Alibaba has dominated China’s bustling e-commerce market after years of fierce rivalry with JD.com. The pair control a combined 75% of the market, with Alibaba holding 58%. But the rapid rise of four-year-old Pinduoduo Inc. to seize 5.2% is altering the competitive landscape, perhaps to the benefit of consumers.
In just four years, the Shanghai-based newcomer developed into China’s third-largest e-retailer. In 2018, Pinduoduo reported 652% growth in sales to 13 billion yuan ($1.9 billion) with 419 million annual active users, surpassing JD.com and moving closer to Alibaba’s 699 million.
An alarming signal for Alibaba is Pinduoduo’s seemingly great profit potential, which is typically measured by dividing e-retailers’ revenue by their gross merchandise volume (GMV) — the total value of stock sold through the platform. Pinduoduo’s gains from its platform orders/GMV ratio reached 2.78% in 2018, very close to Alibaba’s, according to Founder Securities.

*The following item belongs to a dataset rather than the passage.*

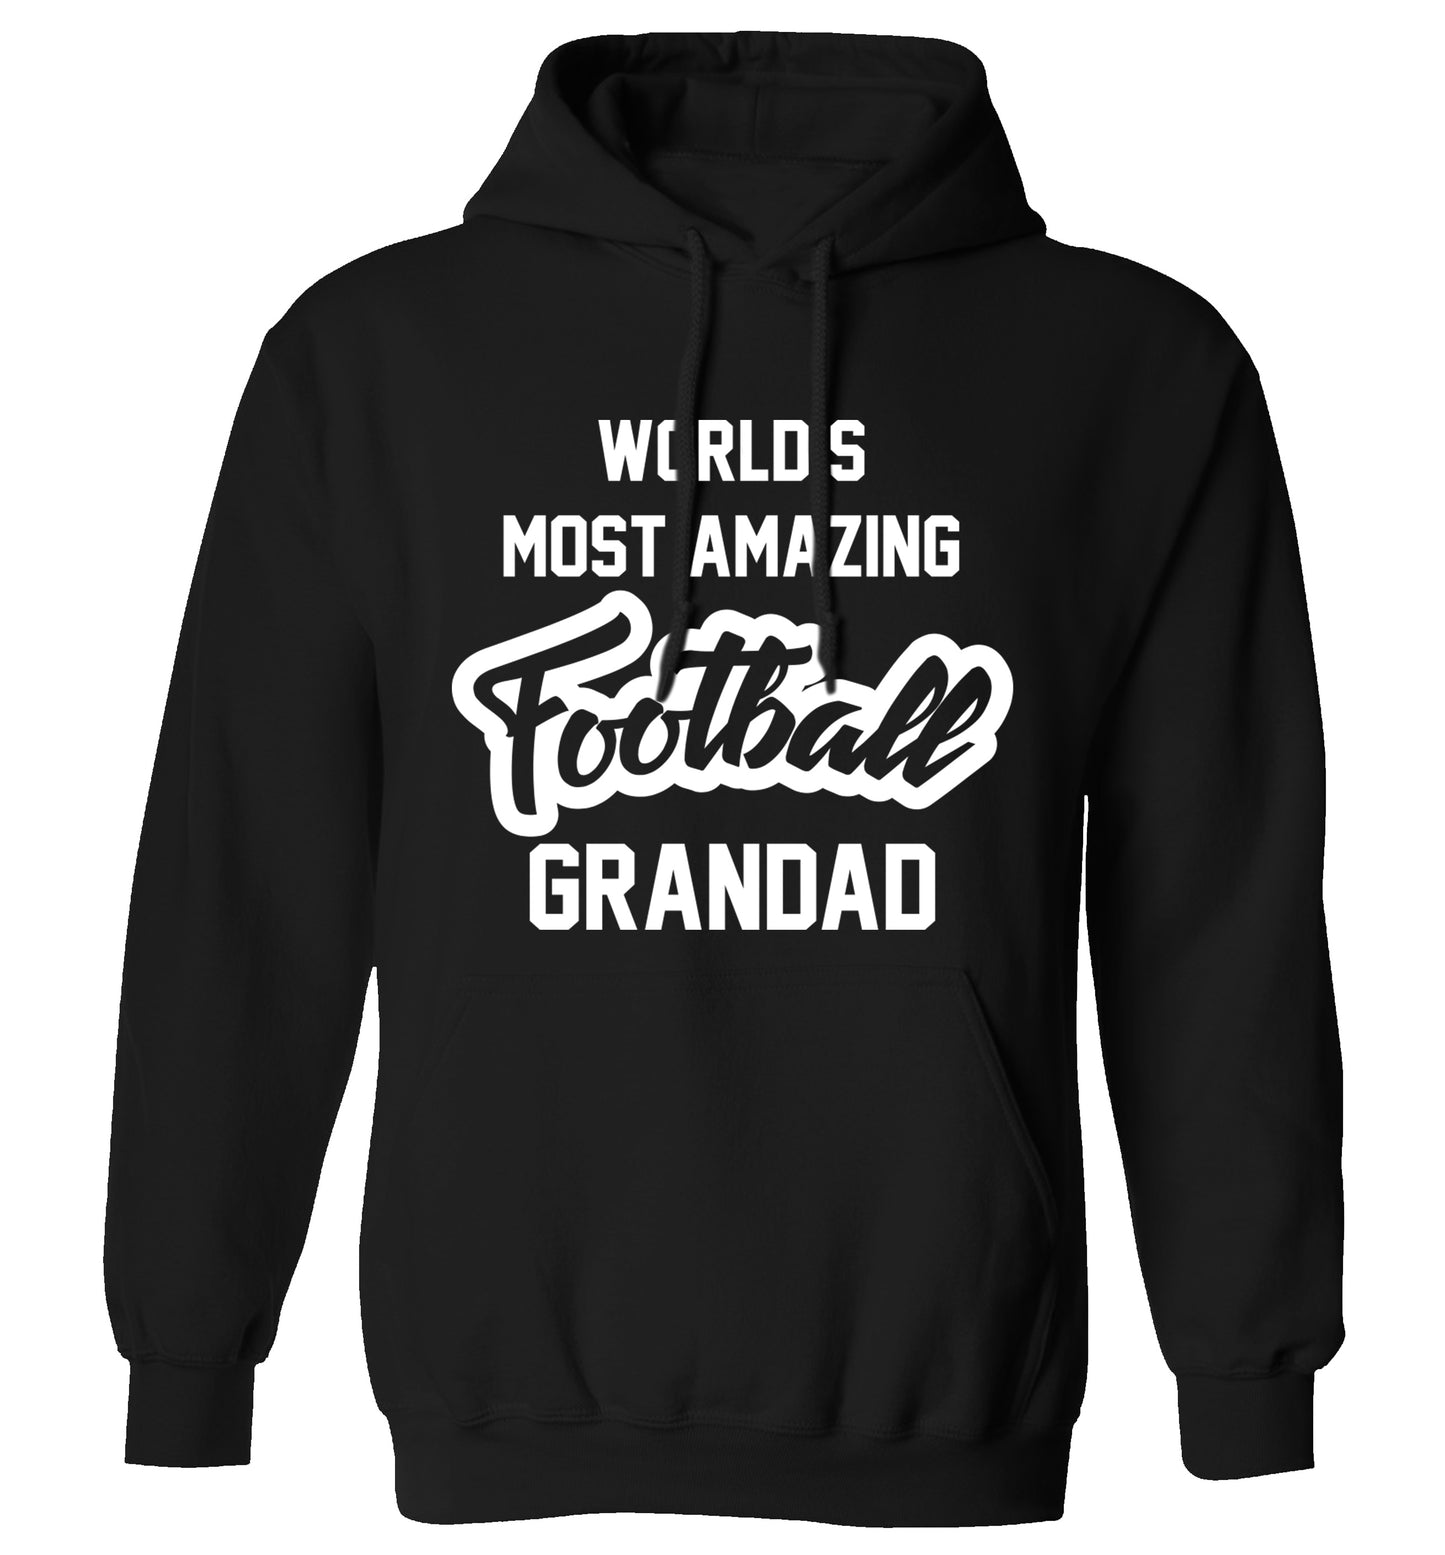 Worlds most amazing football grandad adults unisexblack hoodie 2XL
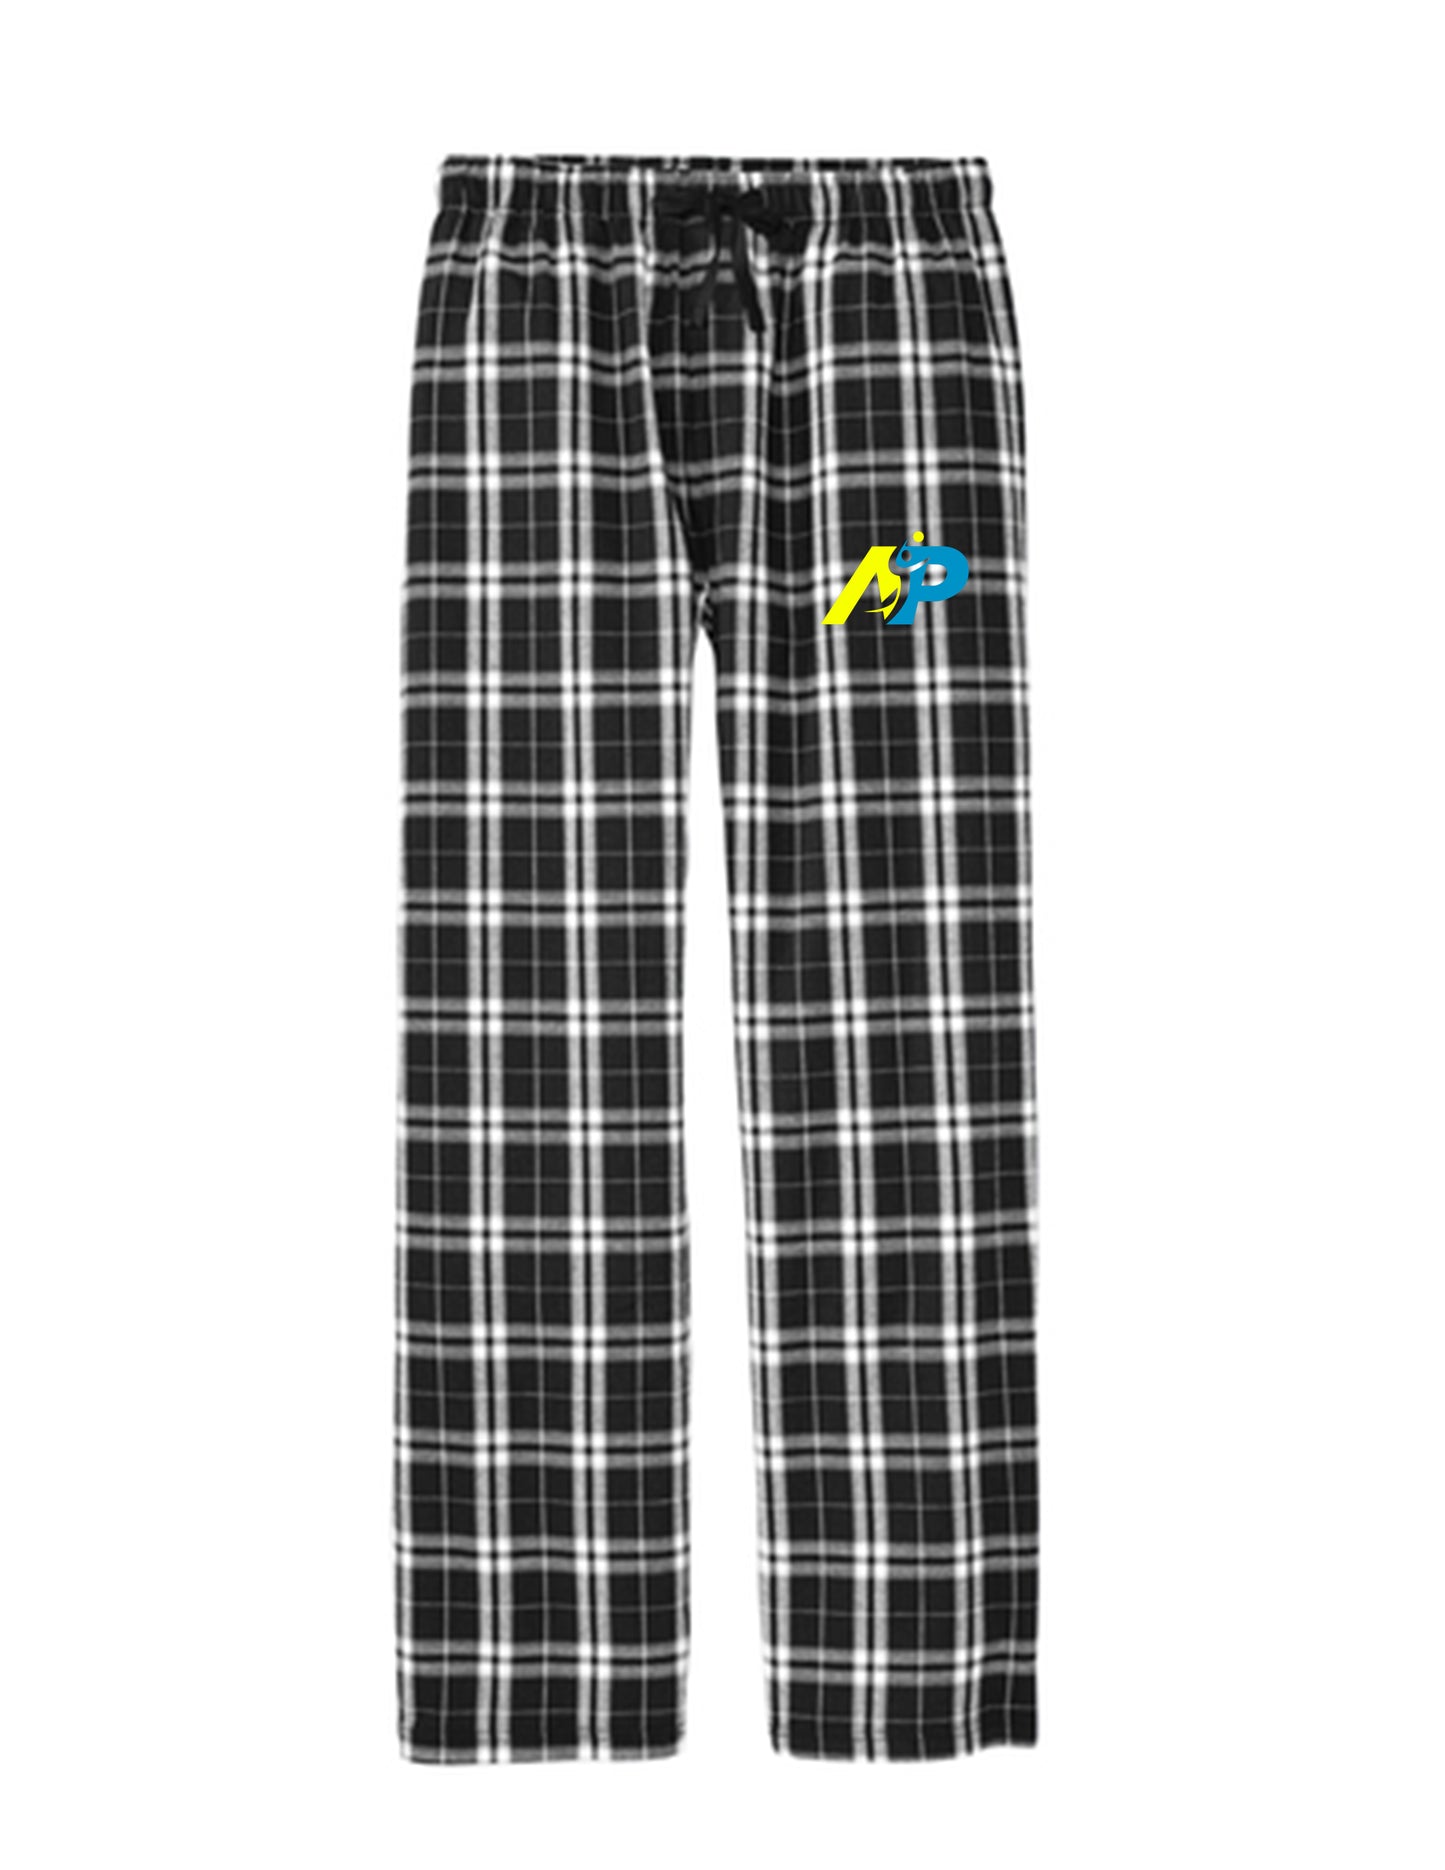 Unisex Flannel Pajama Pants (WO-176077)

Alibaba has shifted focus from competing with JD.com to battling Pinduoduo, sources said. JD.com’s momentum has weakened after a series of recent setbacks including a U.S. sexual assault scandal that has engulfed its founder.
![]() |
While Alibaba and JD.com have in recent years shifted their focus to higher-end products and consumers, Pinduoduo powered its rise by targeting low-cost products and budget shoppers.
Pinduoduo introduced its “group buying” model, which encourages people to buy in bulk together with friends and relatives to access discounts. However, the company reported surging costs to gain new customers in 2018 as it became harder to lure users from outside its already large customer base. But this cost is still far lower than that for Alibaba and JD.com. Pinduoduo spent 7.7 billion yuan on gaining new users last year, a year-on-year increase of 677%.
This story has been updated to correct a chart that contained revenue, net profit and operating cost data that were all off by one decimal place.
Contact reporter Tang Ziyi (ziyitang@caixin.com)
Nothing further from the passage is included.